Task directions: Produce a faithful copy of the data, one that leaves out the pictures.

Dataset section:
• • •
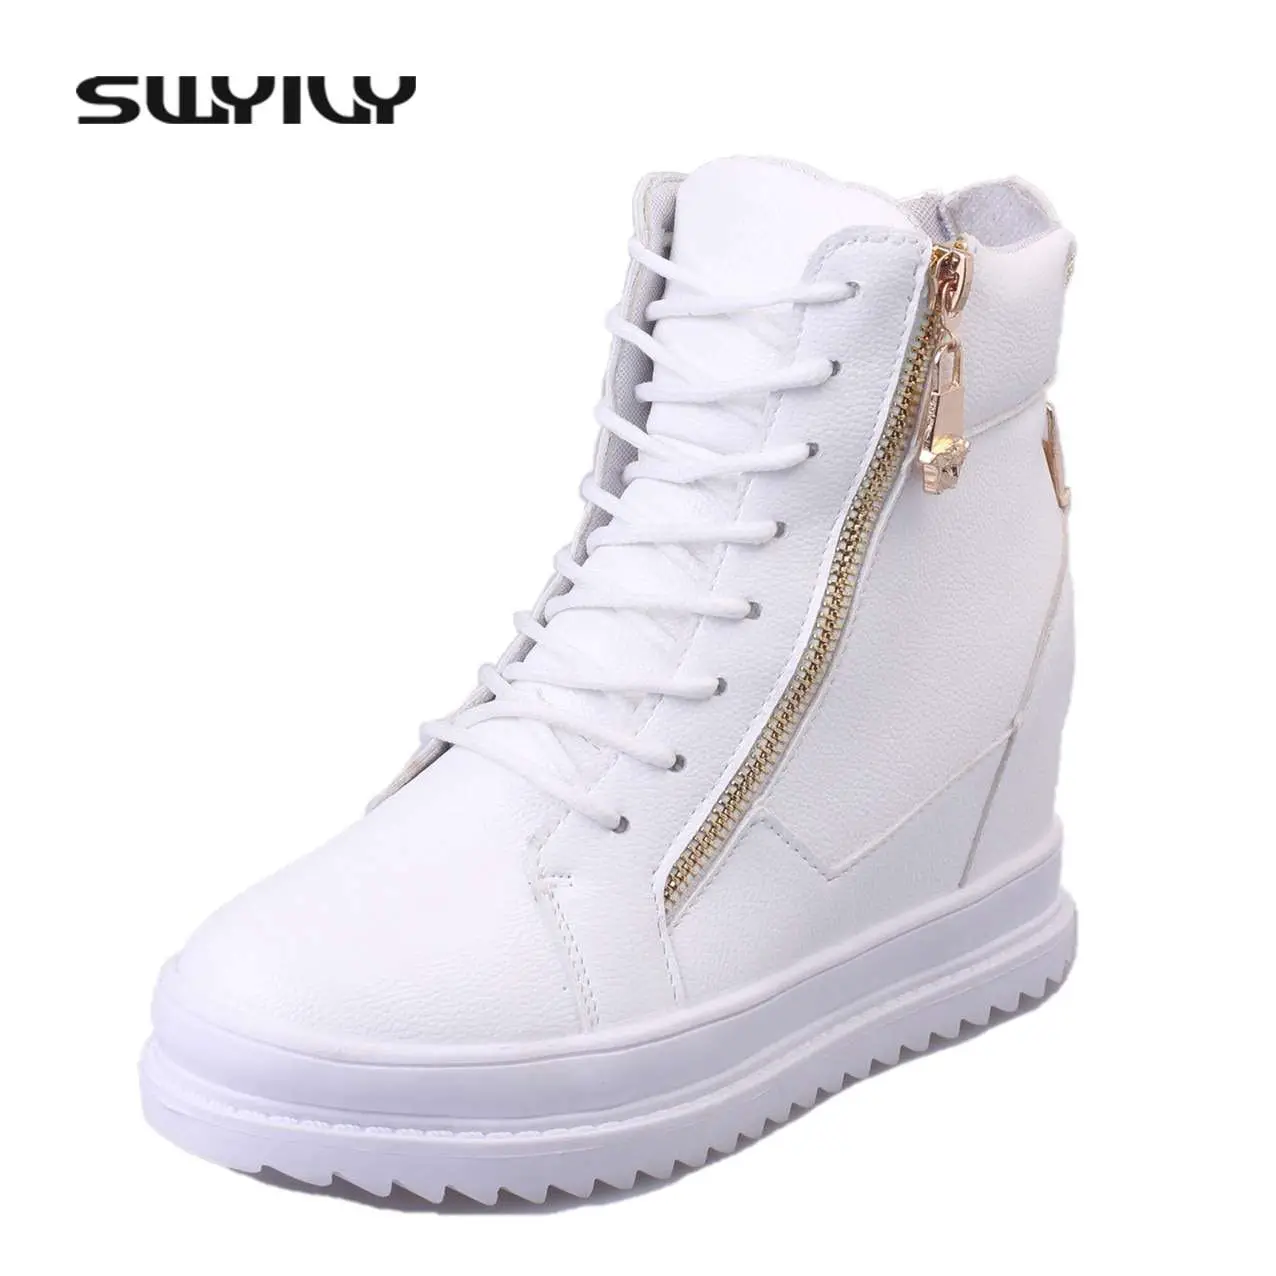 SWYIVY Women Sneaker White High Top Canvas Shoes Wedge ...
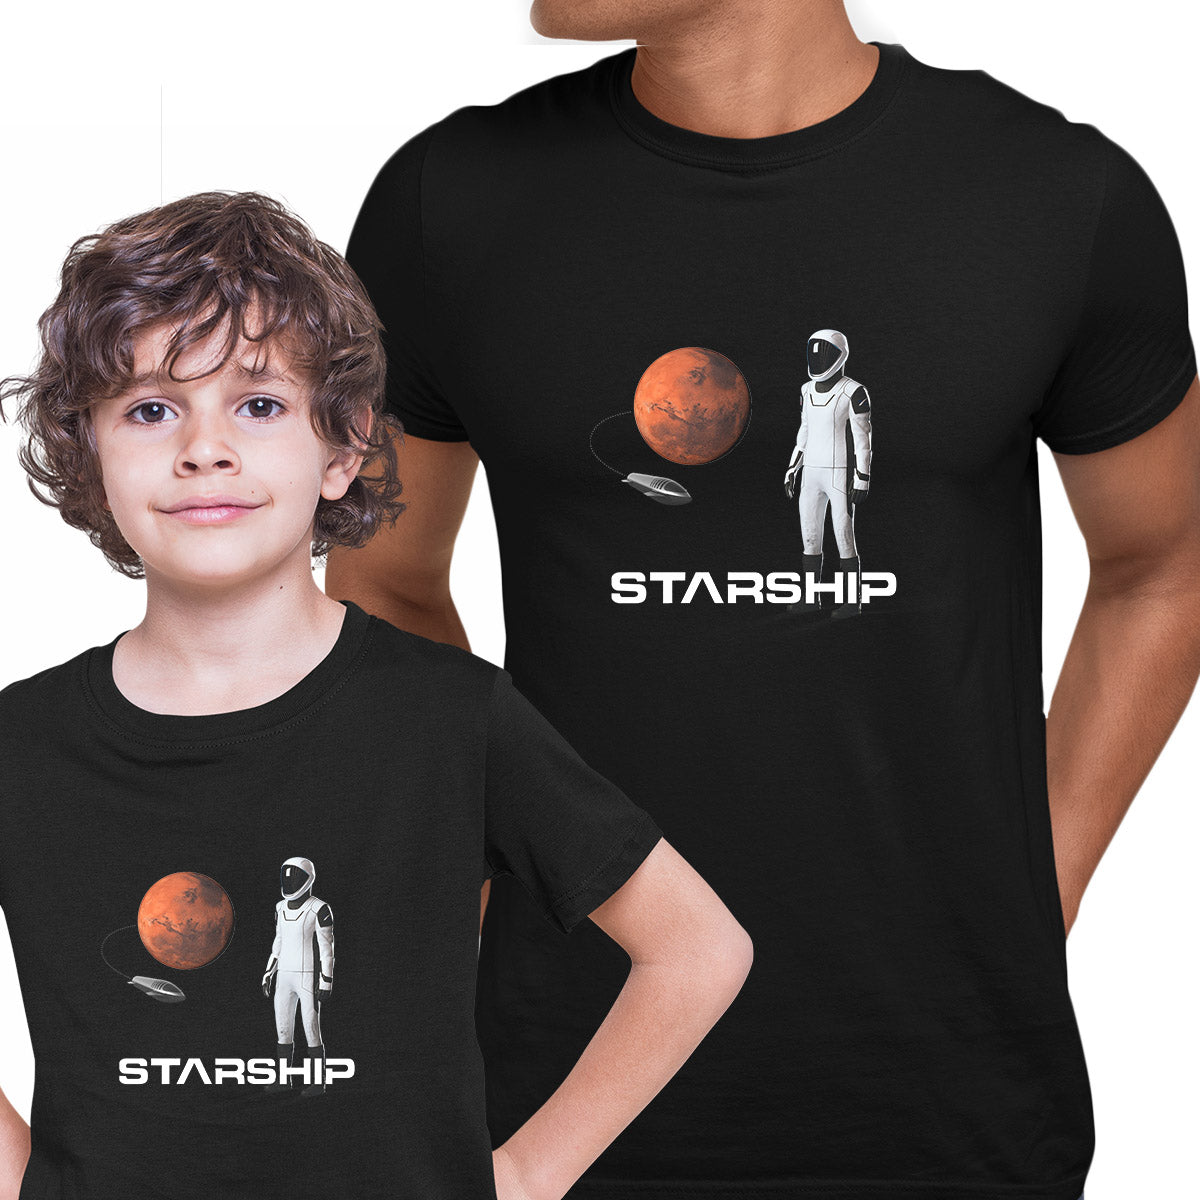 Ooze Sydøst vedhæng Starship SpaceX Human Astronaut Mars Launch & Land Black T-shirt Scientist  Gift
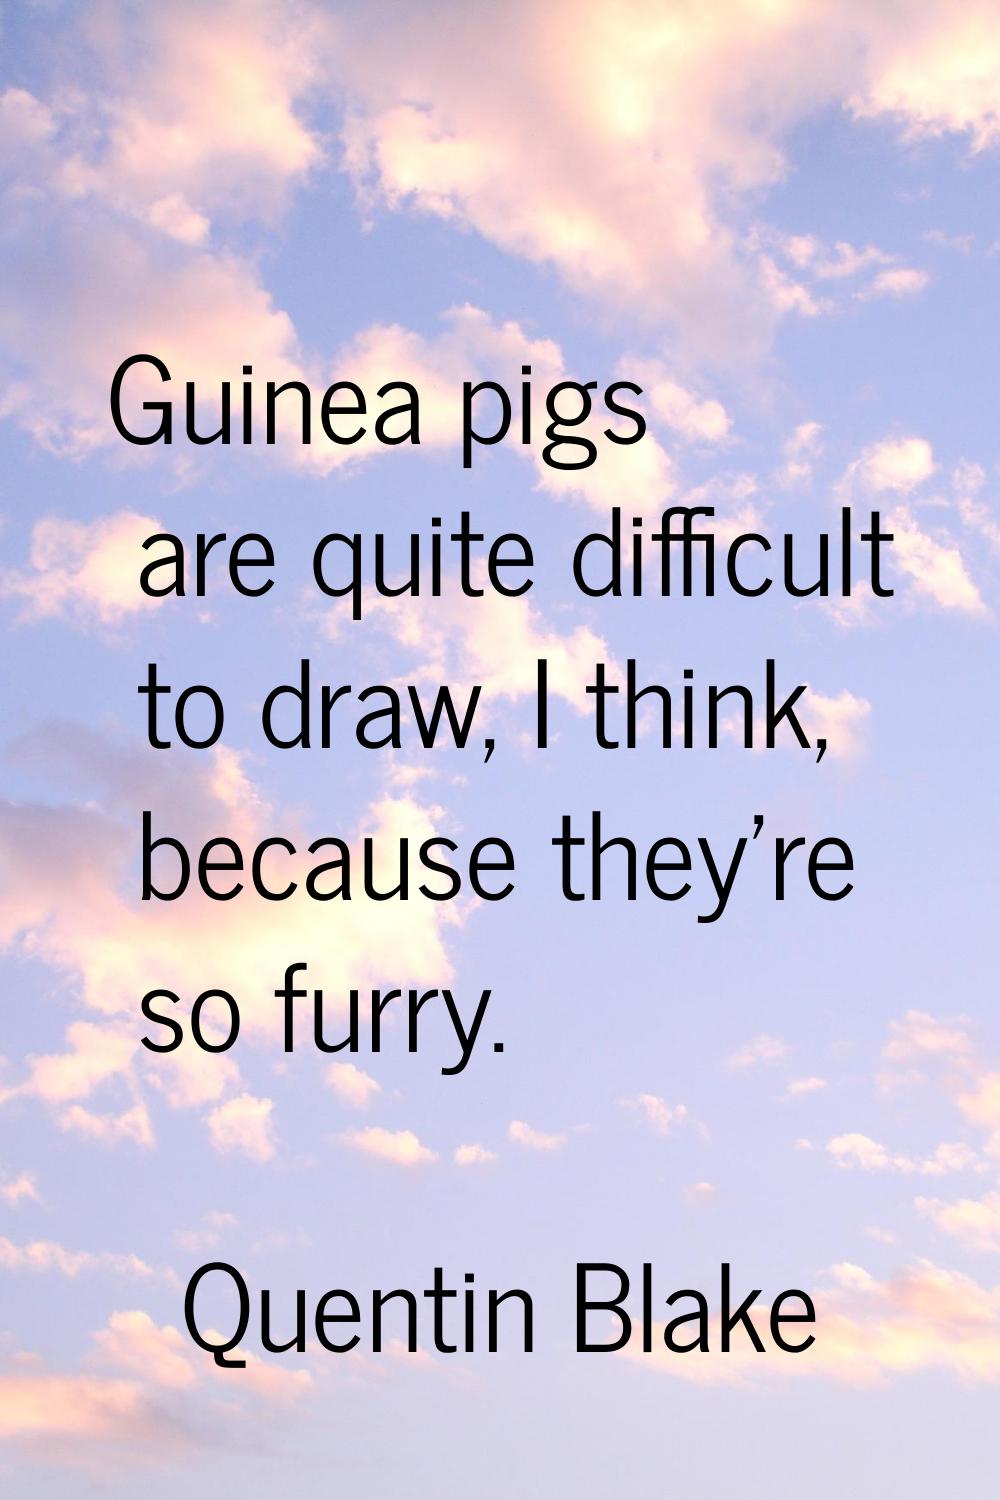 Guinea pigs are quite difficult to draw, I think, because they're so furry.
• • •
Answer to this problem:
 SWYIVY Women Sneaker White High Top Canvas Shoes Wedge ...
 Ooze Sydøst vedhæng Starship SpaceX Human Astronaut Mars Launch & Land Black T-shirt Scientist  Gift
 Guinea pigs are quite difficult to draw, I think, because they're so furry.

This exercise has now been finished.